-- SUPPLIED MATERIAL follows --

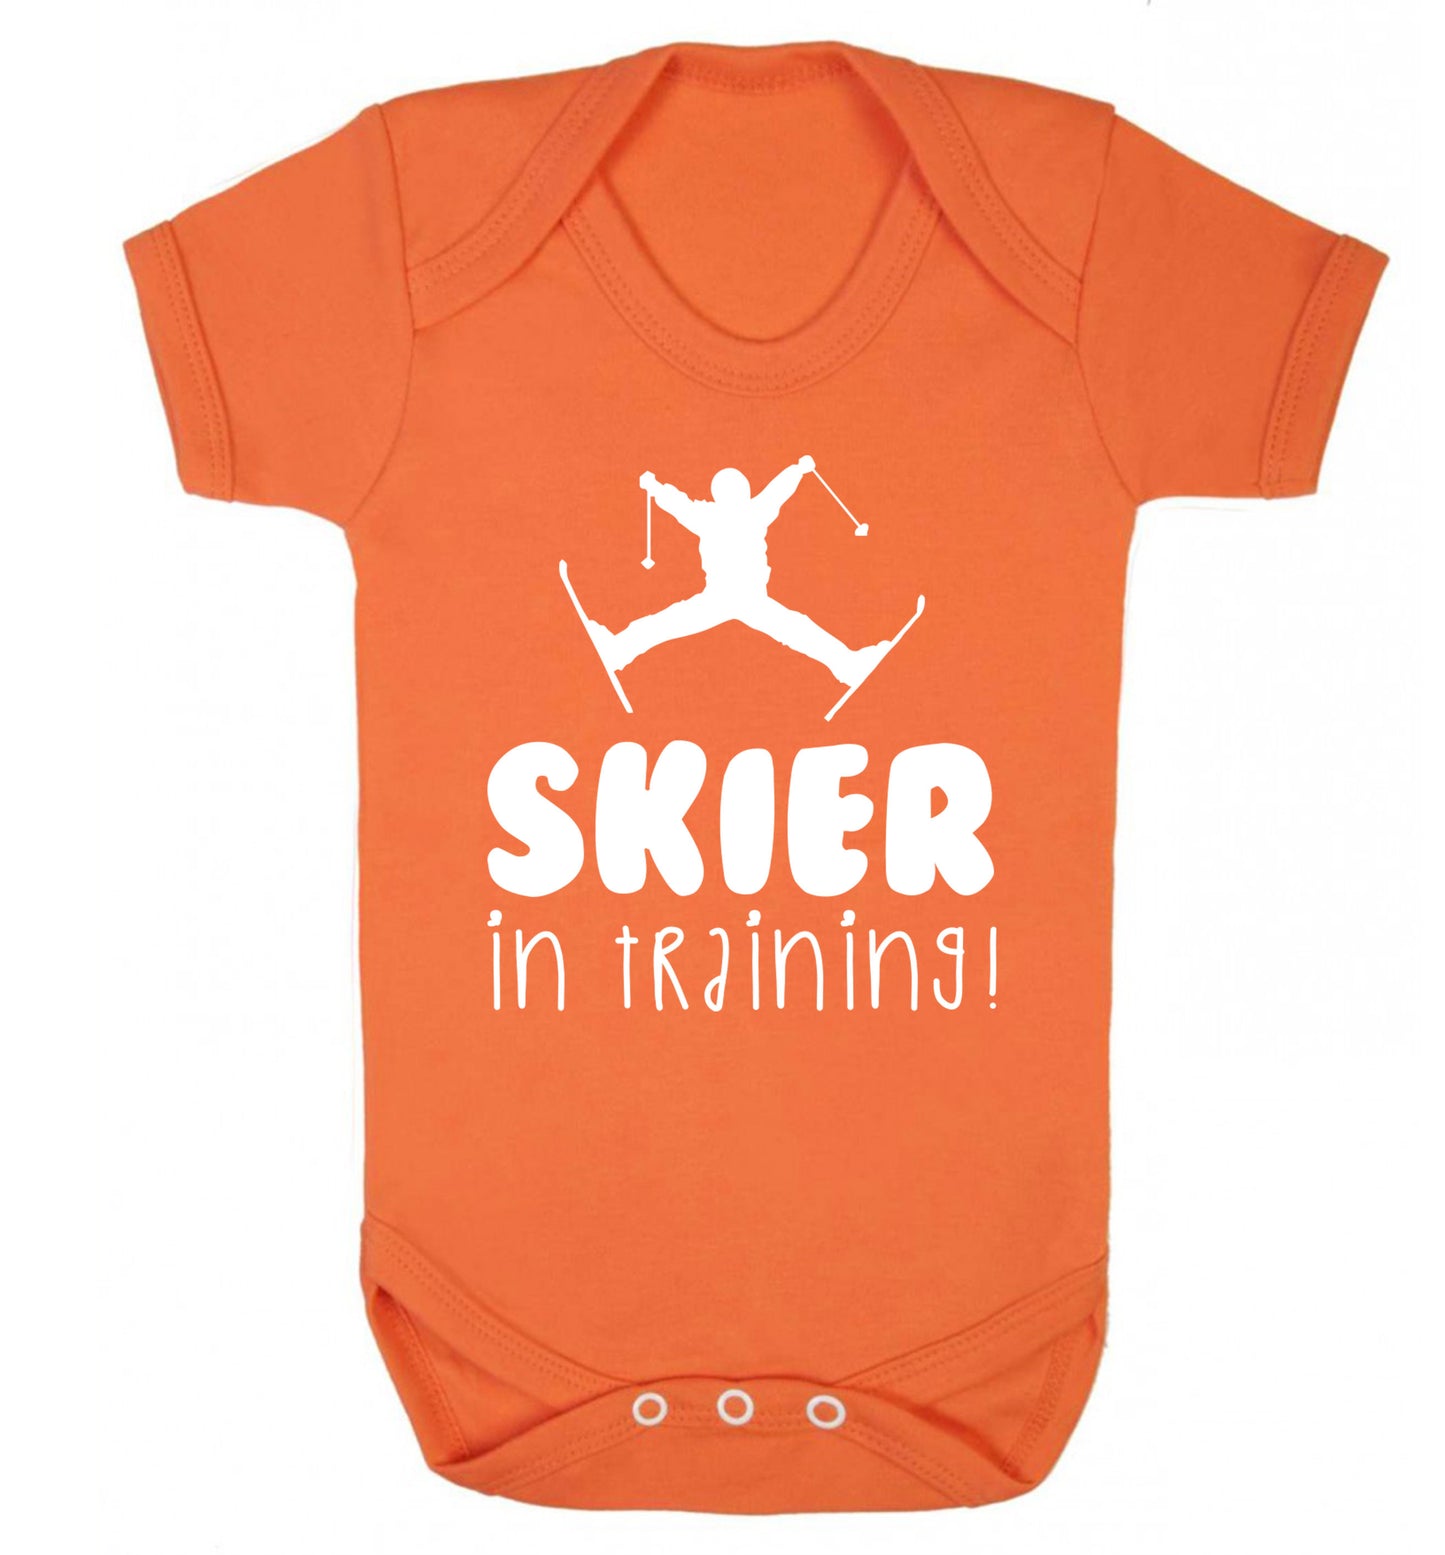 Skier in training Baby Vest orange 18-24 months
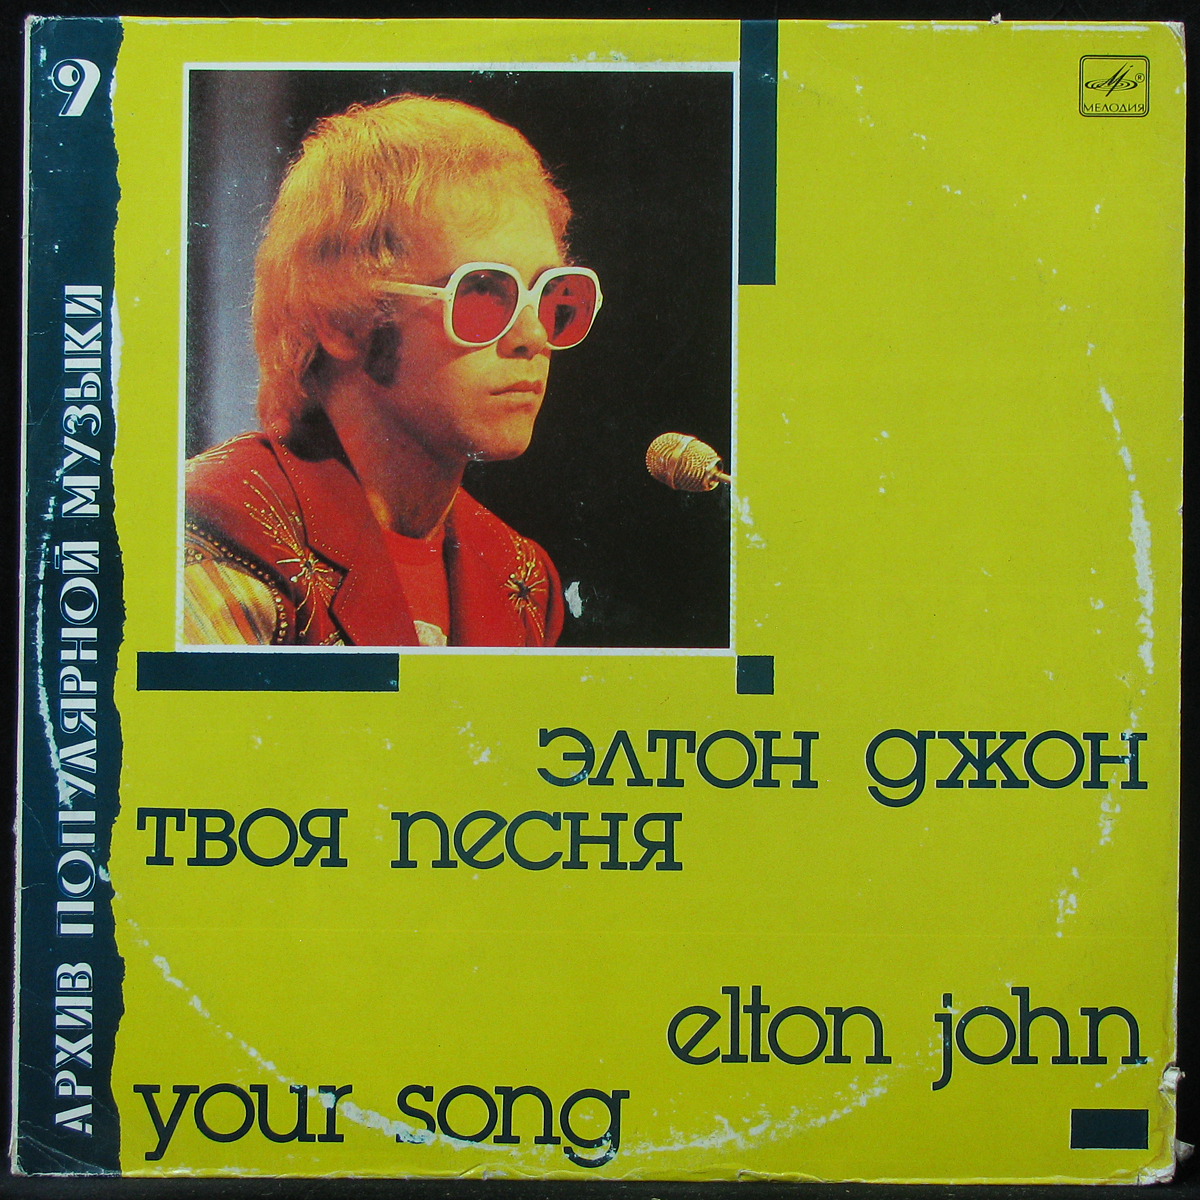 Elton John пластинки. Элтон Джон альбомы. Фото пластинок Элтона Джона. Виниловая пластинка Элтона Джона в Советском Союзе.
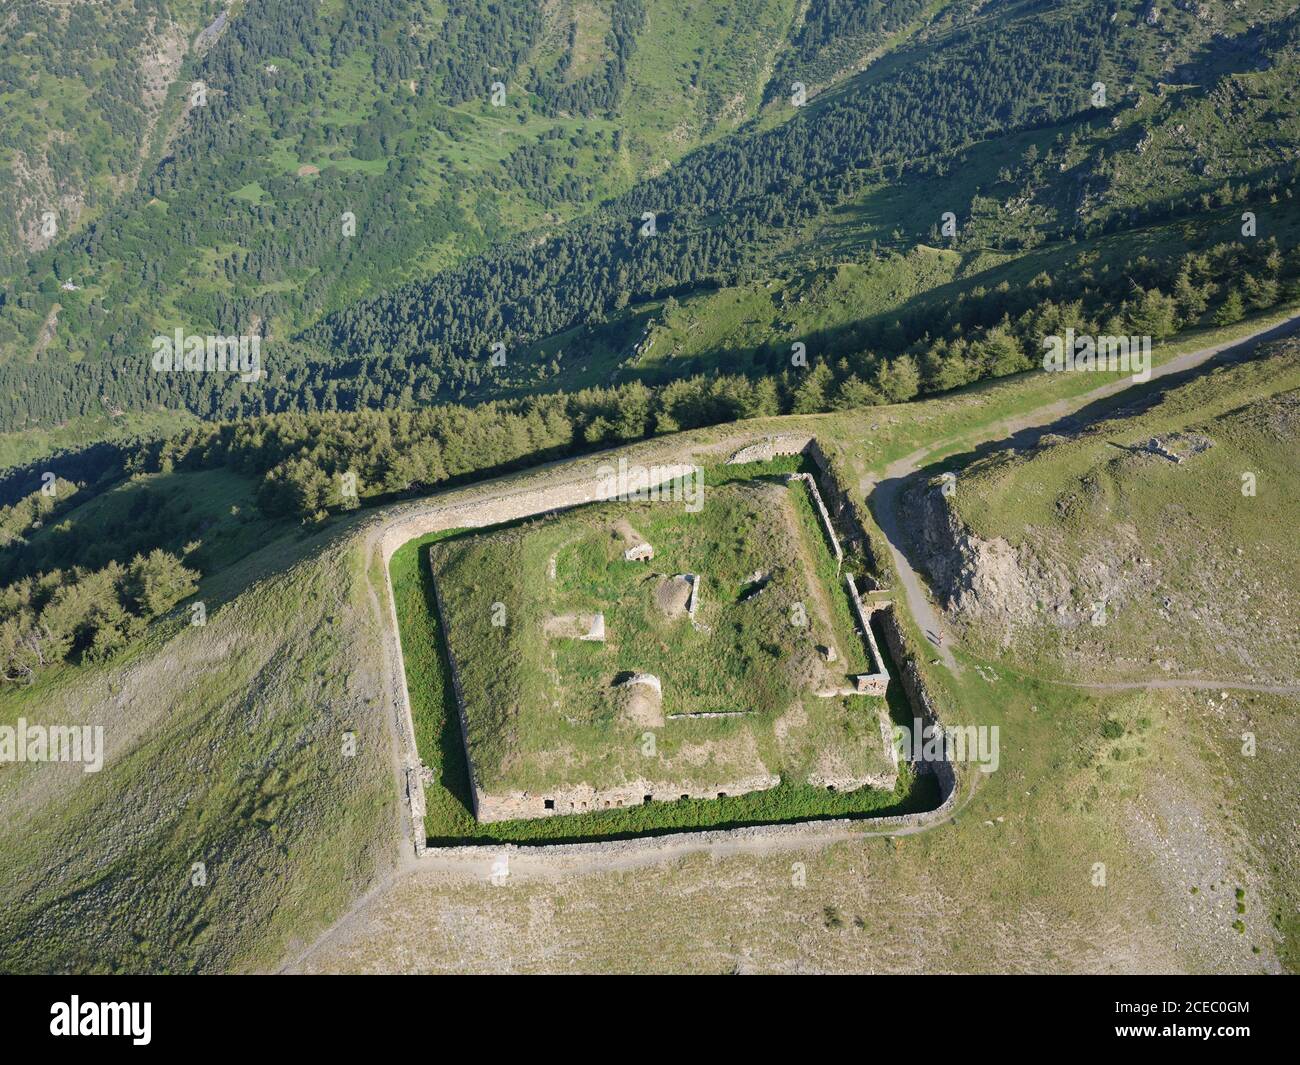 VUE AÉRIENNE.Fort Tabourde, une ancienne fortification militaire près du Col de Tende.Tende, Alpes-Maritimes, France. Banque D'Images
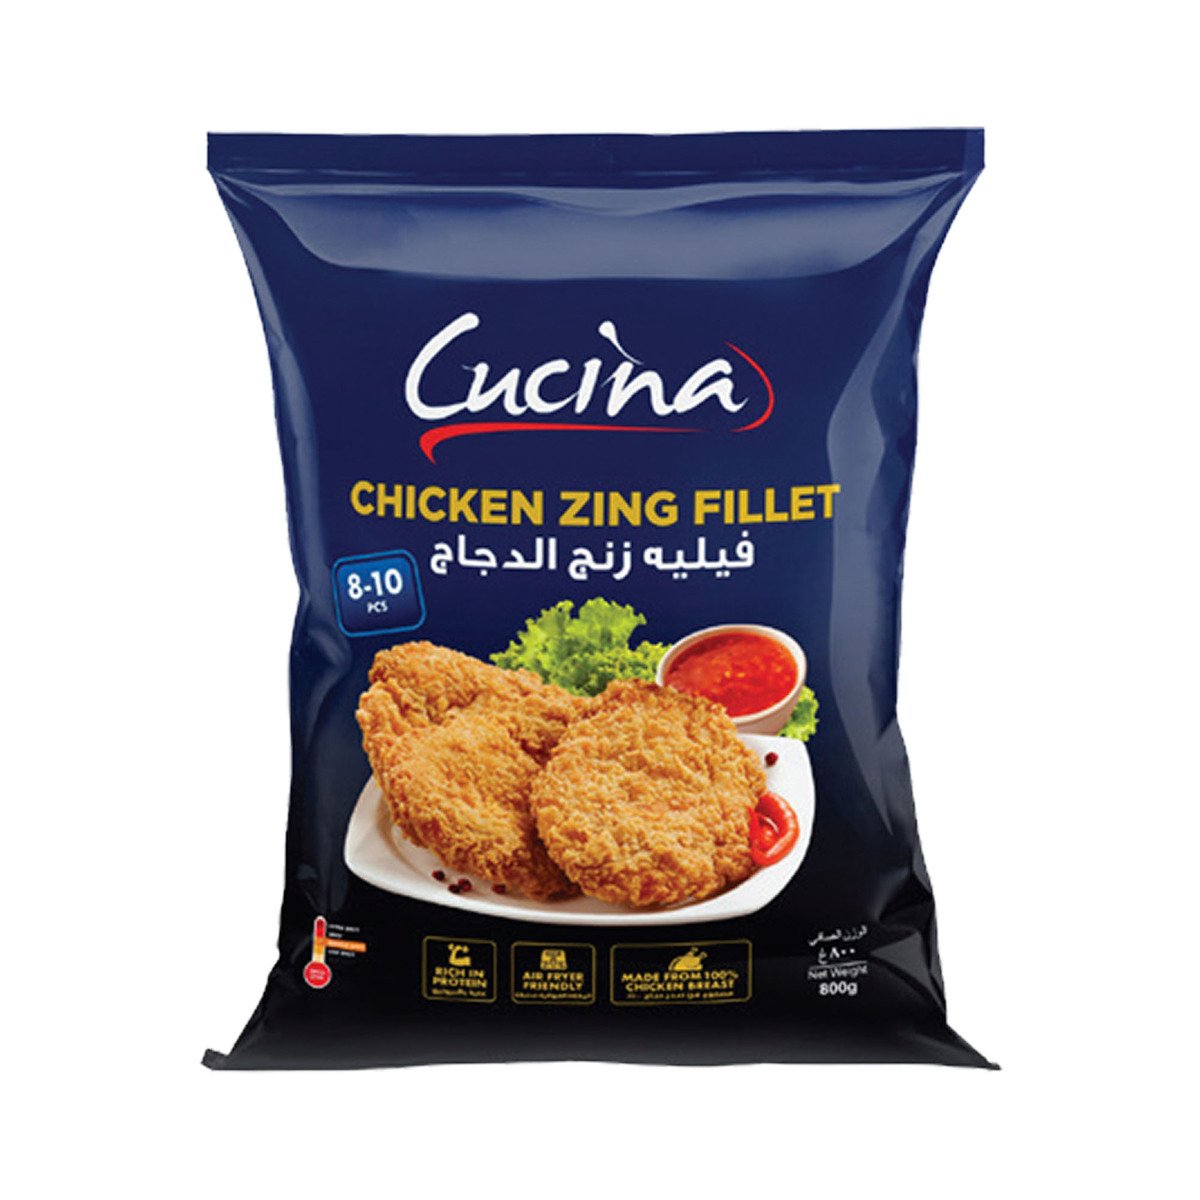 Buy Cucina Chicken Zing Fillet 800 g Online at Best Price | Zingers | Lulu UAE in UAE

-- SUPPLIED MATERIAL concluded --

* _WHAT THE EXERCISE ASKS_: Reproduce word for word the lines from the one containing "VUE AÉRIENNE.Fort Tabourde, une" through the end of the data, both ends kept. Drop the pictures.

* _ANSWER FOR THIS EXERCISE_:
 VUE AÉRIENNE.Fort Tabourde, une ancienne fortification militaire près du Col de Tende.Tende, Alpes-Maritimes, France. Banque D'Images
 Buy Cucina Chicken Zing Fillet 800 g Online at Best Price | Zingers | Lulu UAE in UAE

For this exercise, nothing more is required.